Boyd noted Pnin's sharp contrast with Nabokov's most famous character, Humbert Humbert, from Lolita, which was written simultaneously with Pnin. Pnin is the anti-Humbert in every sense: where Humbert flatteringly depicts himself as tall, handsome and charming with perfect English, Pnin is relayed as stubby, rotund, odd-looking and with comically bad English. In their respective stories, Humbert seduces with secret monstrosity, while the seemingly vulgar Pnin is a saint in disguise. The contrast is highlighted in matrimony; Humbert manipulates and secretly loathes his wife Charlotte, contemplates killing her and ultimately breaks her heart and instigates her accidental demise. Pnin, inversely, is mistreated cruelly by his wife and ex-wife Liza Wind, for whom he bends over to do any favour out of selfless love. Lastly and most vividly, in their treatment of children: Humbert abducts and abuses his foster-child Dolores Haze, whom he belittles and plies with sweets, while Pnin by contrast is a caring and supportive figure to Liza's son Victor Wind, who is in a sense his foster son. Fittingly, Dolores despises and resents Humbert and betrays him at the first opportunity, while Victor admires Pnin more than he realises and treasures his friendship, symbolised by the magnificent aquamarine glass bowl Victor purchases for Pnin in Chapter 6.

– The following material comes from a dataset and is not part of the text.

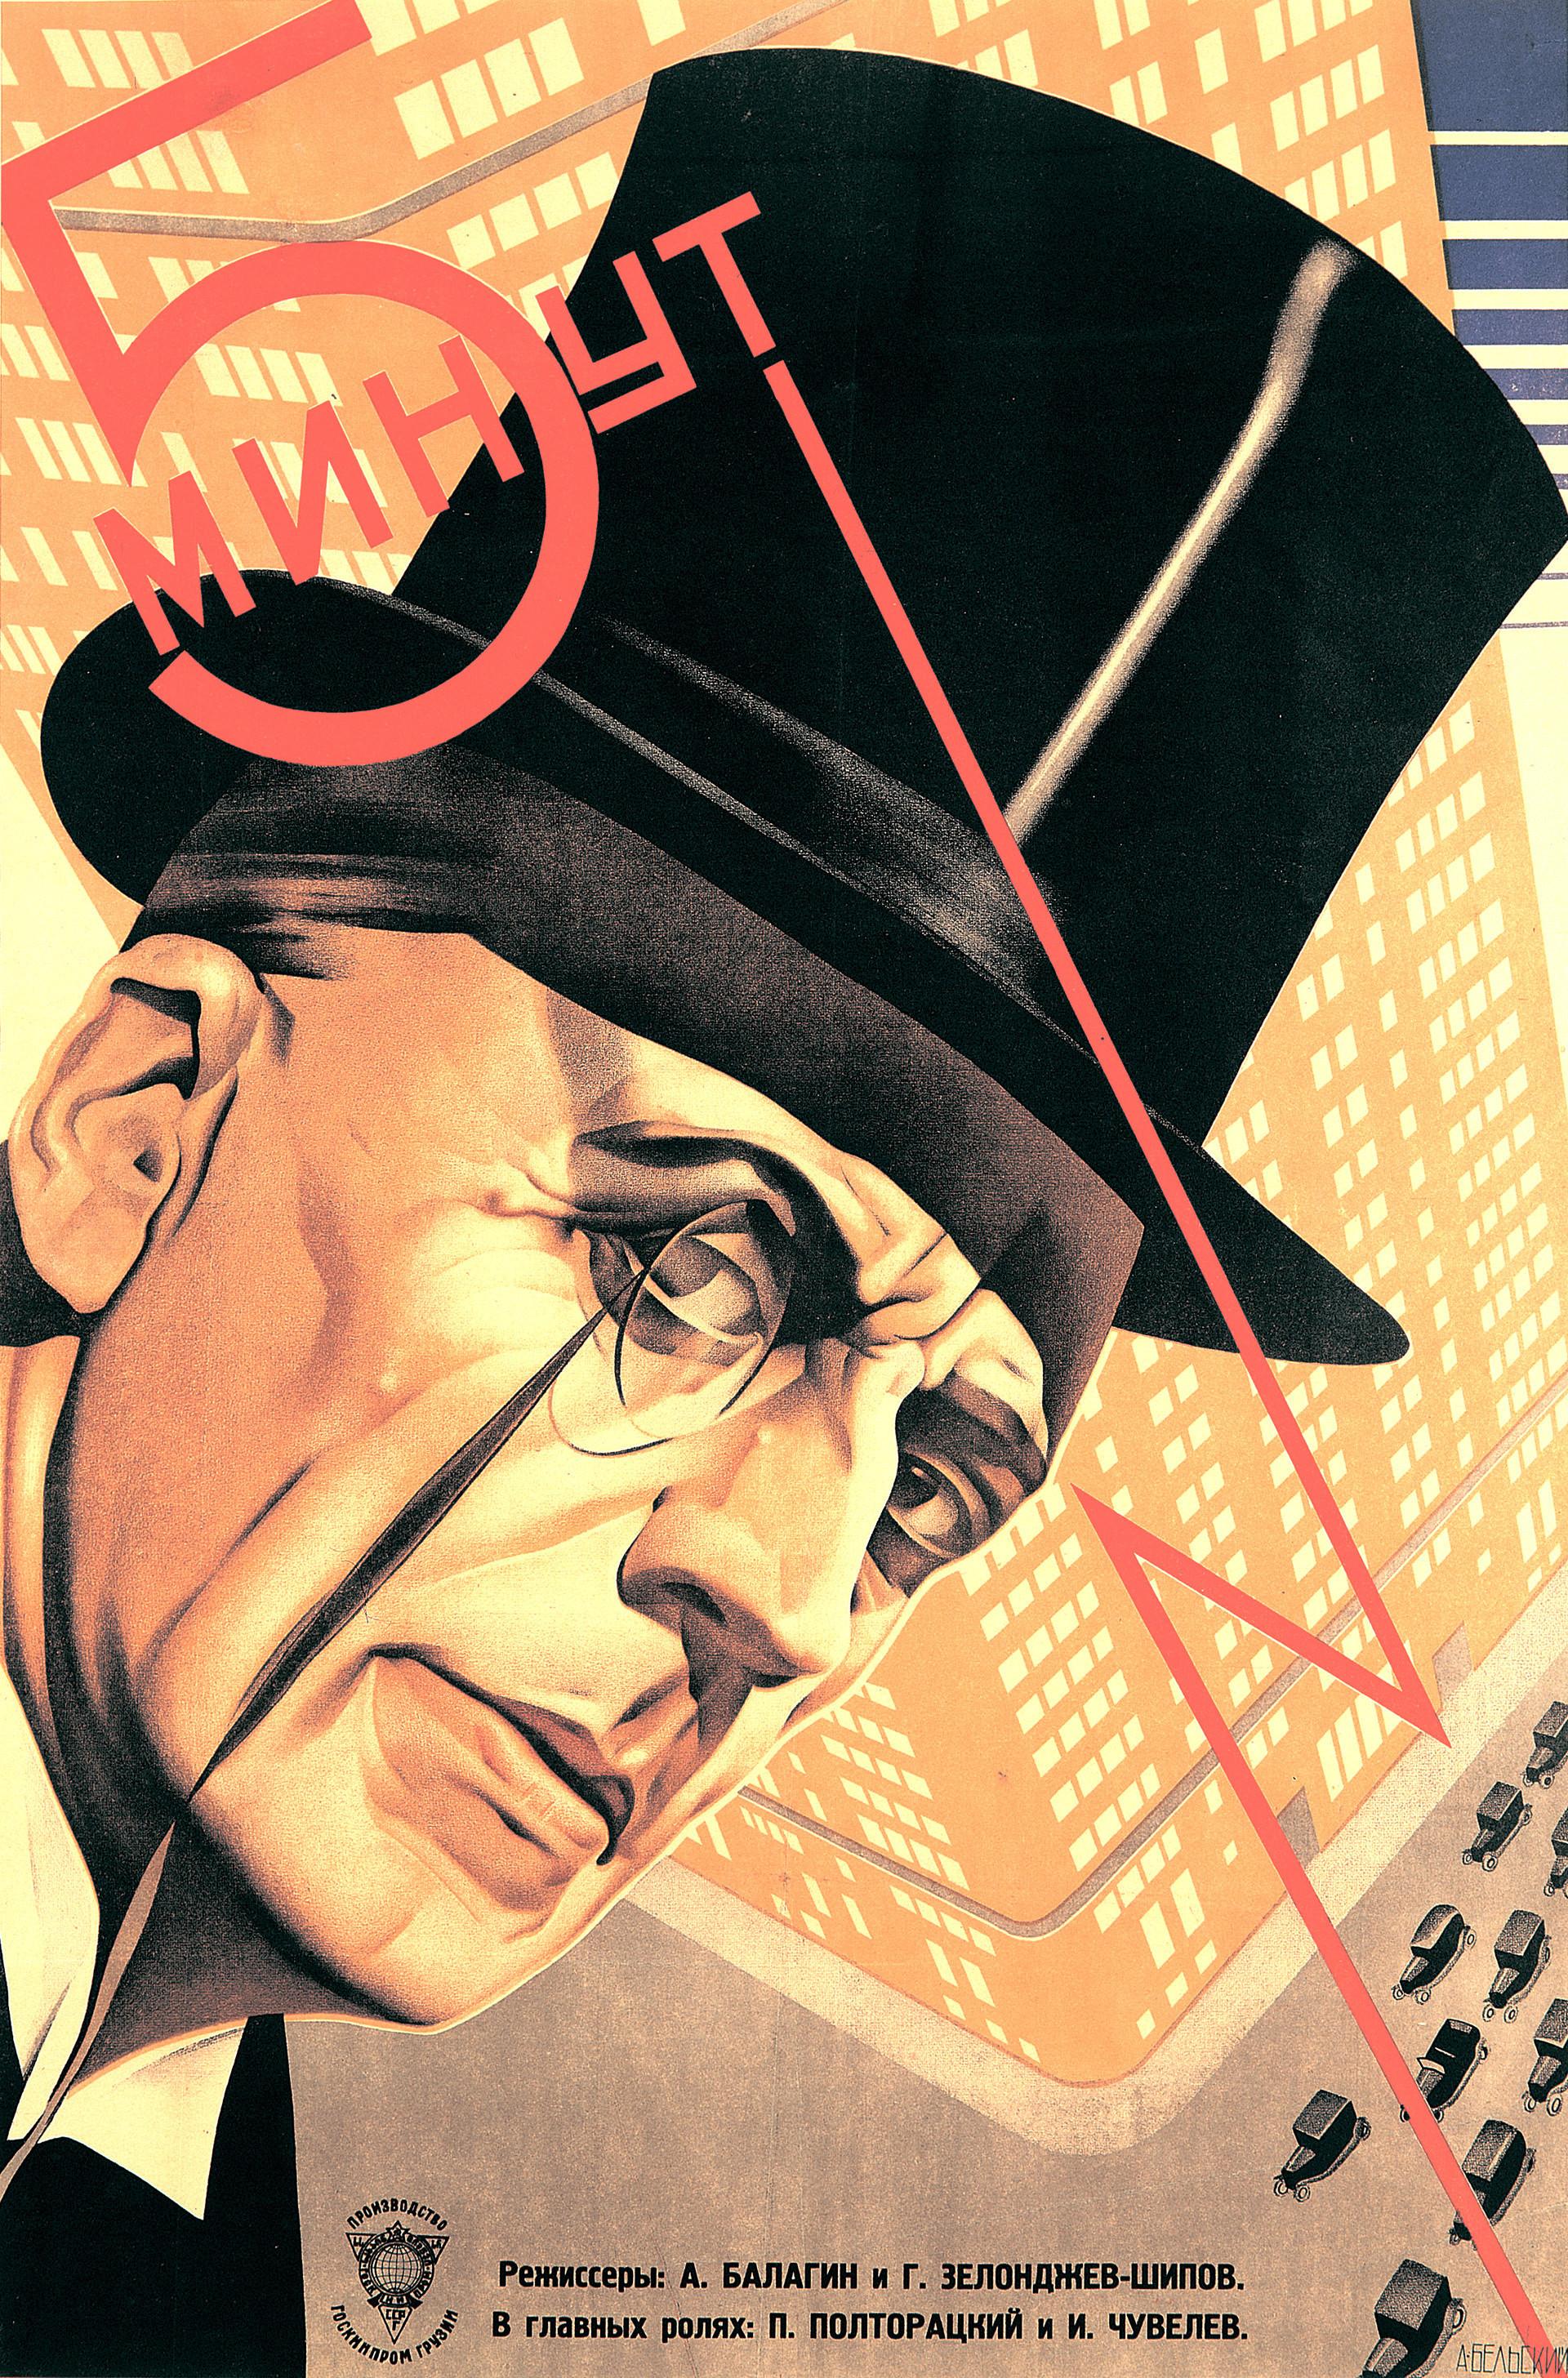 Nikolai Prusakov, cartaz do filme 'Piat minut', 1929
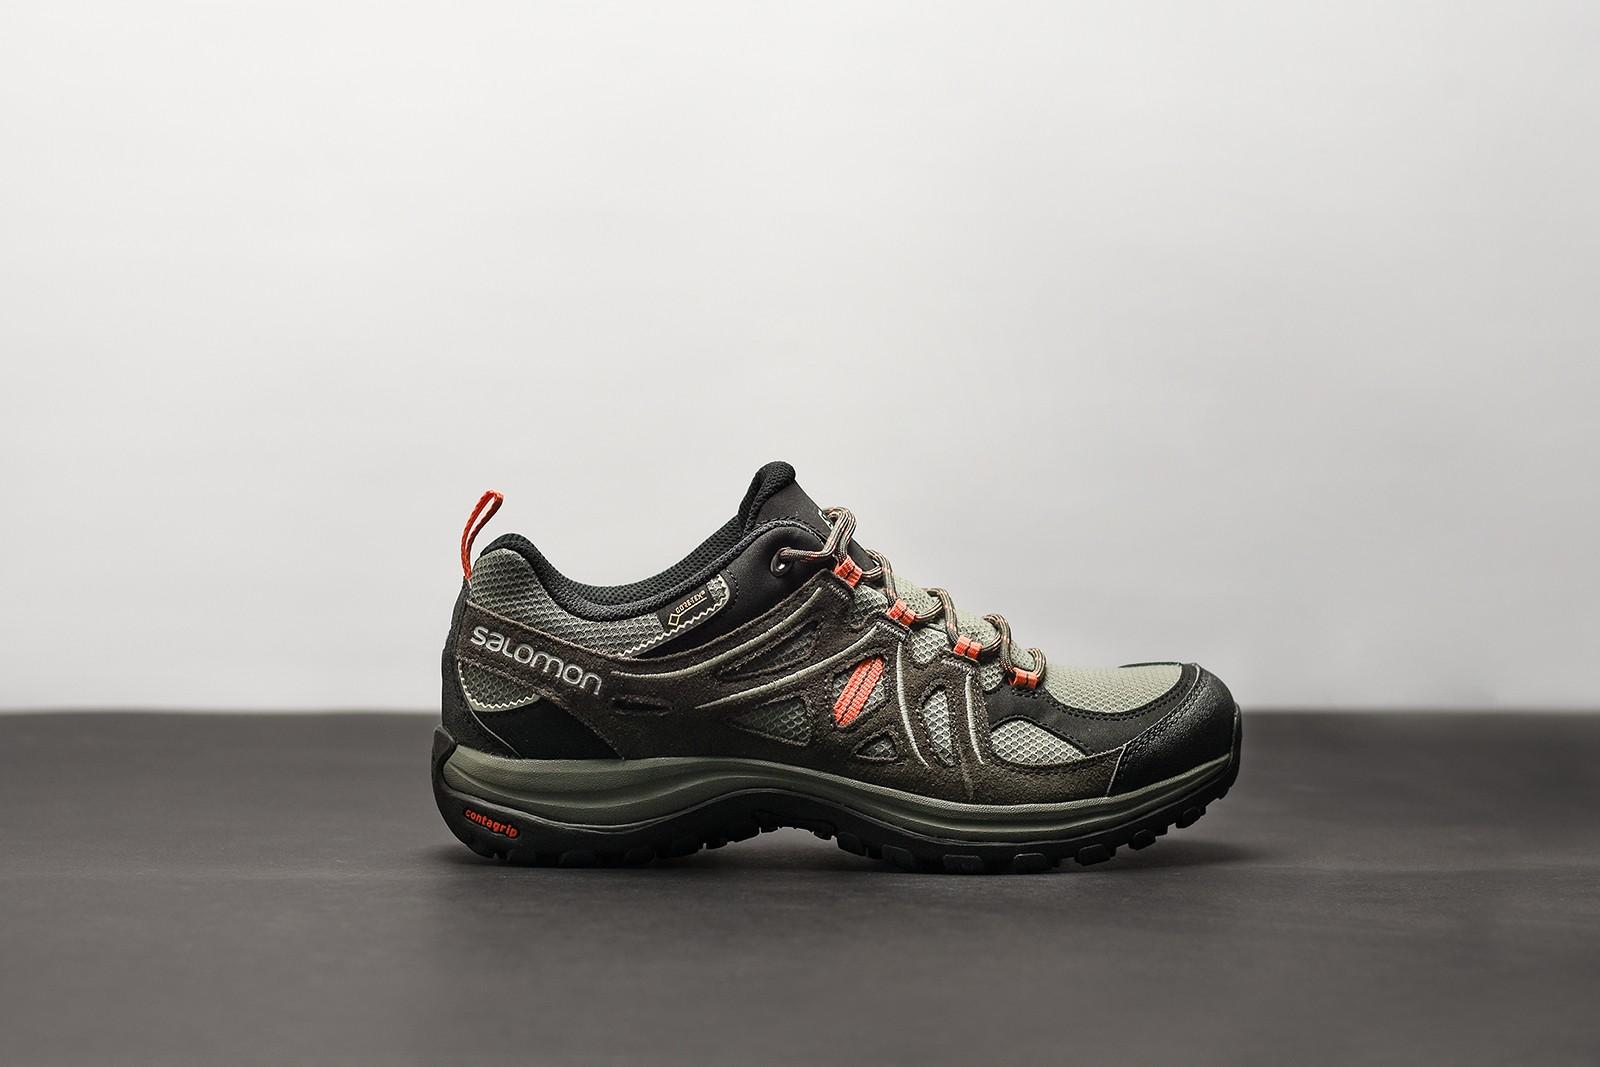 8fda8223eb9f Dámská Treková obuv Salomon ELLIPSE 2 GTXR W Castor Gra Be

Arthur Mizener noted that whereas social isolation is often depicted as a negative consequence of characters’ behavior in most of Nabokov's novels, Timofey Pnin, the Russian emigrant and protagonist of Pnin, seems to embrace it. Mizener claims that Pnin “carries on with easy confidence of success and a firm assurance of his own common sense” instead of wallowing in self-pity over his social isolation. In relation to his criticism towards the American society, Mizener indicates that Pnin's “innocent self-confidence” illustrates the story's “remarkable observation of American life”. As the narrator of the book mentions, "It was the world that was absent-minded and it was Pnin whose business it was to set it straight."

==Connection with other Nabokov works==
Timofey Pnin makes a brief cameo appearance in Pale Fire, where he is said to head the Russian department of Wordsmith College, a fictional university similar to Pnins Waindell College.